Marlowe sat up straight now and leaned back, looking Sledd in the face. ‘The crowds. The jeering. The rotten fruit. I won’t tell you what is lurking at the back of this gallery, but let’s just say that when they get to cleaning this bit of the place they will need a big bucket and a sturdy shovel.’ He sighed again.

‘Well, never mind, Kit,’ Sledd said, risking a matey punch on the playwright’s shoulder. ‘You’ll have something for us soon, I have no doubt.’

Silence.

‘Kit?’

‘I was writing, yes.’

‘And?’

‘It promises to be my best yet.’

‘Not the play with Dr Dee in it?’

‘No. No, that one will have to wait. It must be … special. No, this one is set on an island. A strange man is the main character, foreign, enigmatic. But I can’t quite see him, I just don’t seem to be able to get it right. And meanwhile, we have … this.’ He waved his arm to the stage where the rehearsal was stumbling along.

‘I meant to ask you about that,’ Sledd said. ‘Why are we rehearsing still?’

‘Henslowe asked me to make some cuts. He made a list last night of when the vegetables started to fly and asked me to rewrite the scenes.’ He gave a shrug. ‘Tom Kyd should be doing that, but nobody knows where he is just now.’

‘Travelling’s all I heard.’

‘Yes, well, that’s not very helpful when there are rotten apples flying through the air. Anyway, what did you want me for?’

Sledd put a hand to his mouth, stricken. ‘Sorry, Kit. I was looking for you for …’

‘Don’t fret yourself.’ A cold voice came from the back of the gallery. ‘I’m here now.’

Marlowe didn’t turn his head. ‘Nicholas.’

‘Kit.’

Sledd spoke low and fast. ‘Master Faunt is here,’ he muttered.
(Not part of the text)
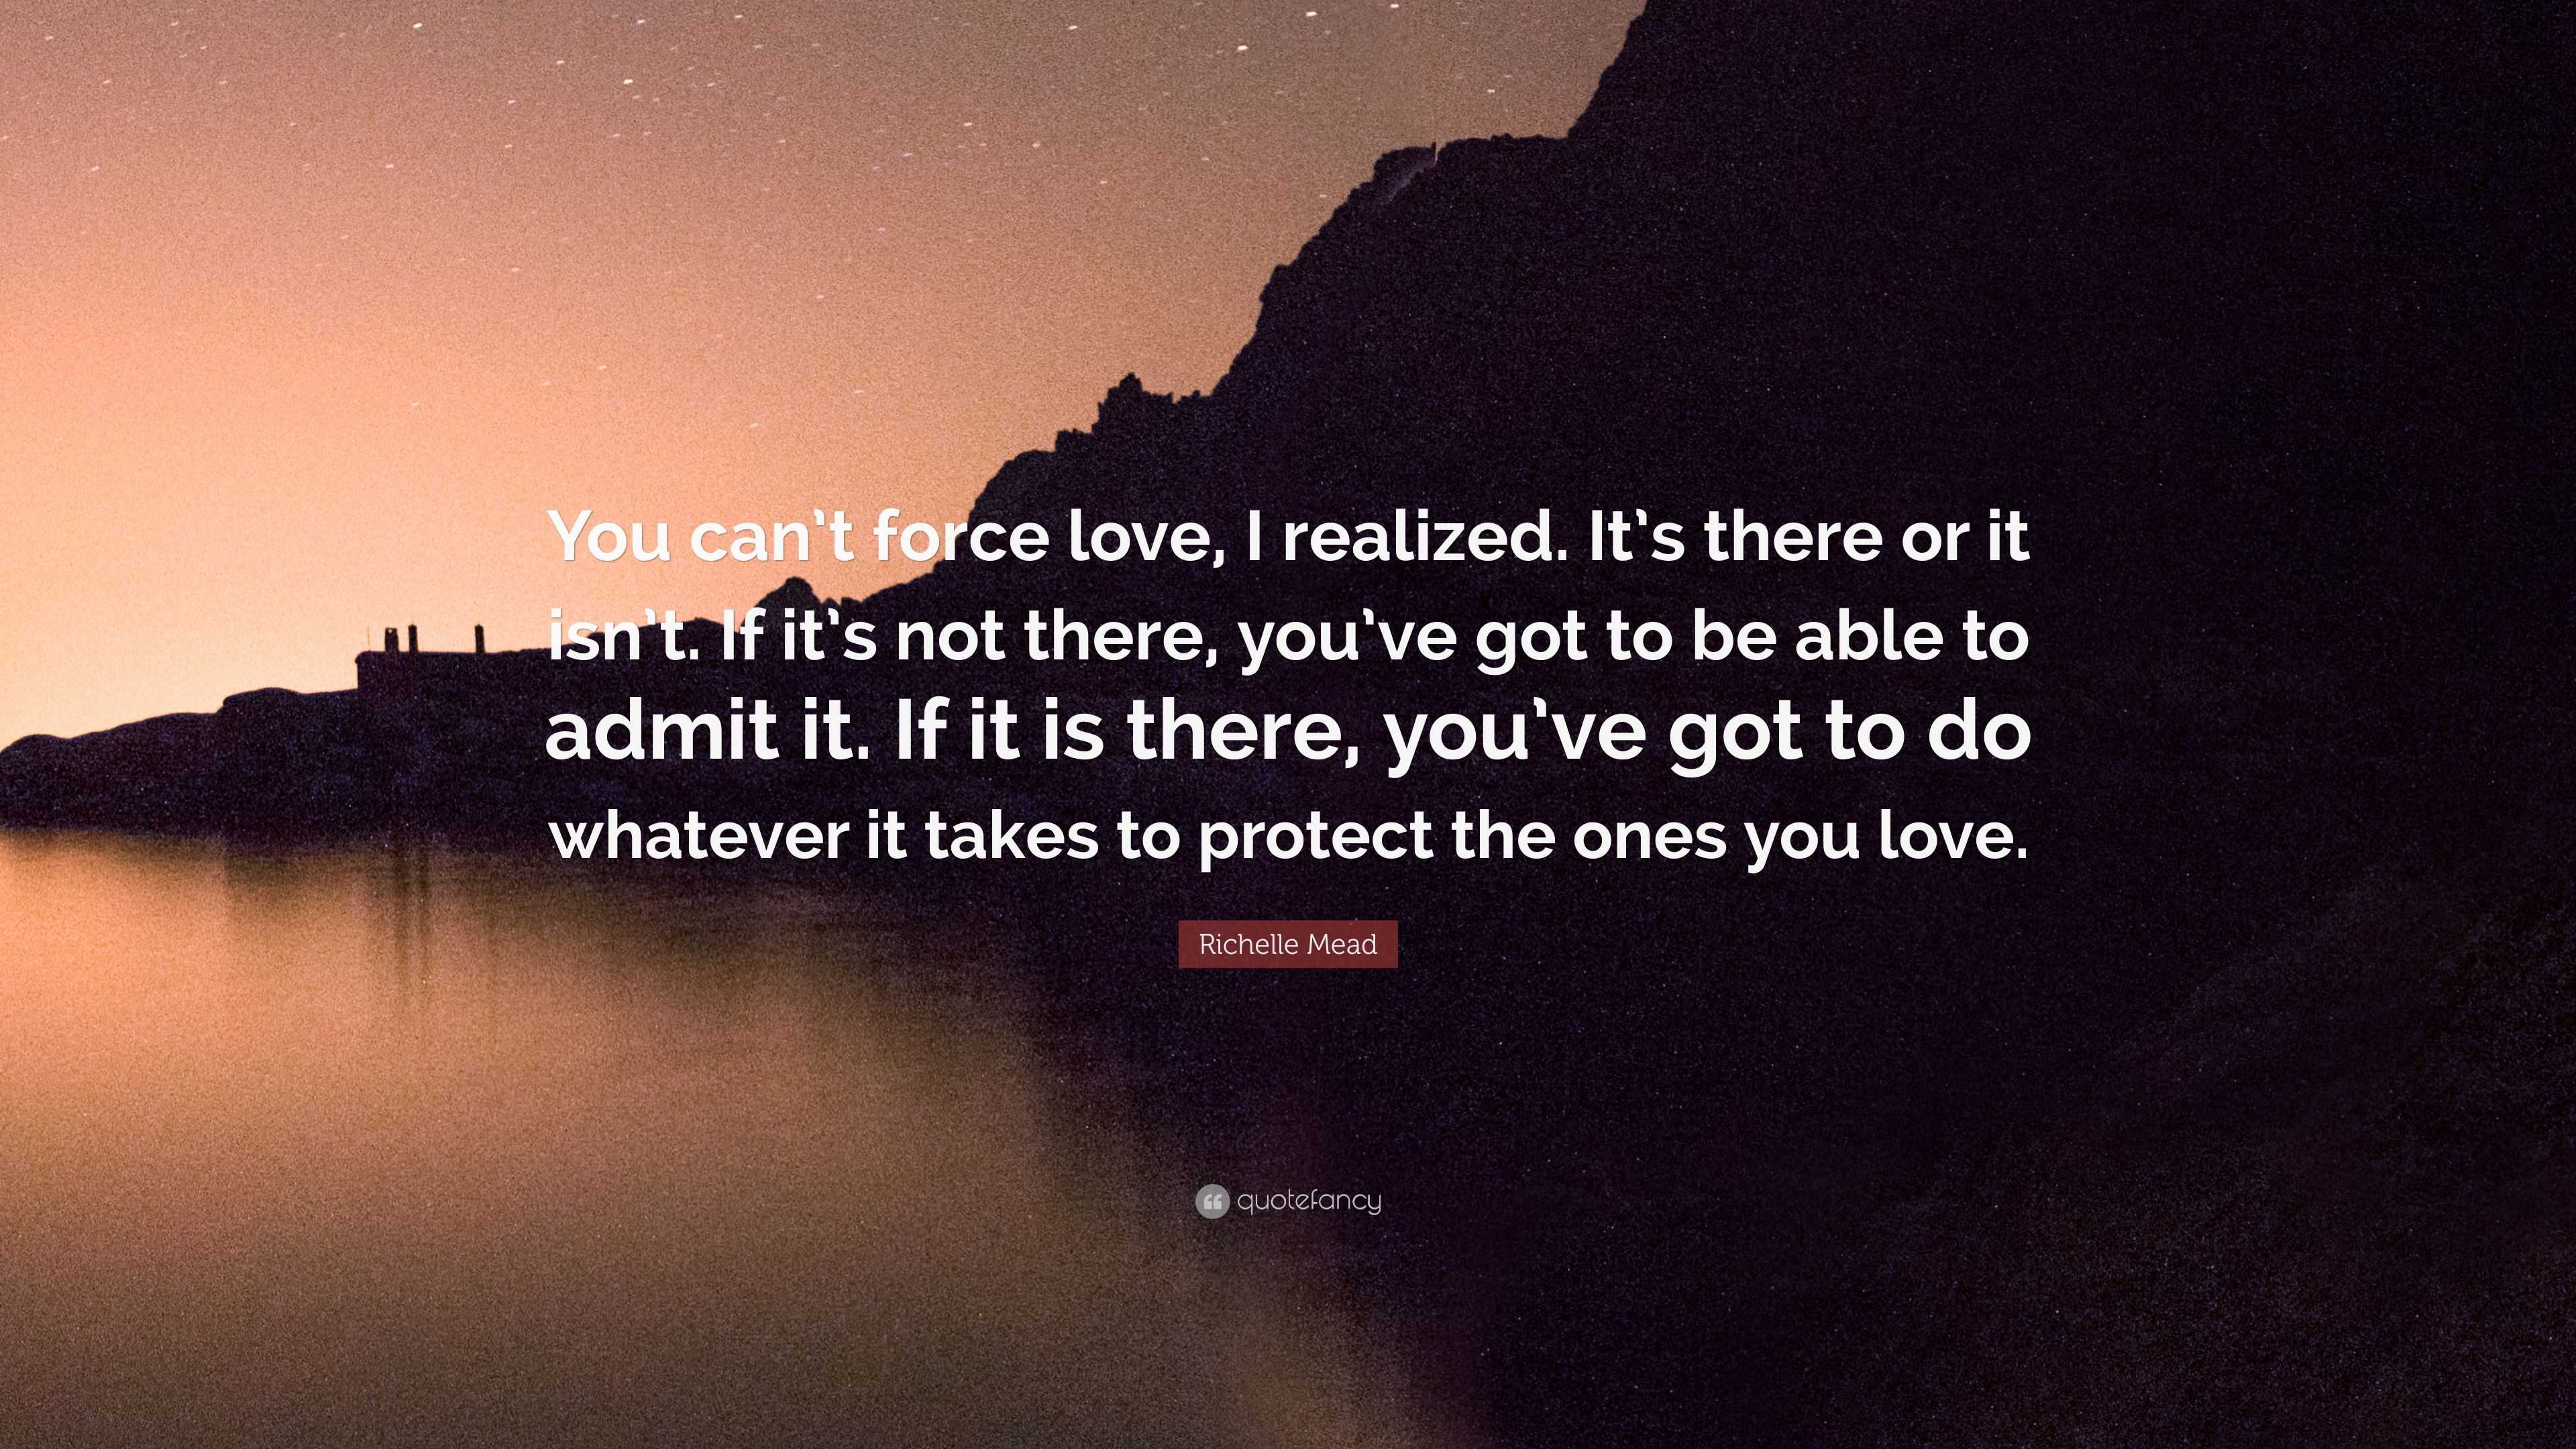 Richelle Mead Quote “You can t force love I realized It s

‘Thank you,’ Faunt said drily. ‘Now, if Master Marlowe and I could have some privacy.’ Tom Sledd started to sidle back the way he had come.

‘Before you go,’ Faunt said, in the special tone he had which could stop a glacier in its tracks. ‘You might want to bring a bucket and a shovel when you are back here next. There is …’

‘I know,’ Sledd said, shaking his head as he reached the steps down into the groundlings’ pit. ‘I know. How they even get the pig up the stairs, I will never understand.’

TWO

T
he two men walked out of the Rose and strolled down Maiden Lane. They leaned over the wall of the Bear Pit and watched for a few moments as Master Sackerson rolled this way and that in a shallow puddle. The bear eventually got up enough momentum to regain his feet, shook himself in a shower of muddy drops and ambled off to the shelter of an overhanging canvas, green with slime and half off its supporting poles.

Faunt flicked a finger at the animal. ‘I’m surprised he’s still here,’ he remarked.

Marlowe shrugged. ‘No reason he shouldn’t be, is there?’ he asked. ‘He’s Master Henslowe’s favourite person, anyway, so I think anyone wanting to remove him would have a fight on their hands.’

‘Hmm.’ Faunt wiped an invisible speck of dirt from the front of his doublet and resumed his walk down to the main thoroughfare at the end of the lane. He needed somewhere warmer and drier; would this rain never end?

Marlowe caught him up with a hop and a skip. ‘Nicholas,’ he said, ‘you didn’t come all this way to discuss bears.’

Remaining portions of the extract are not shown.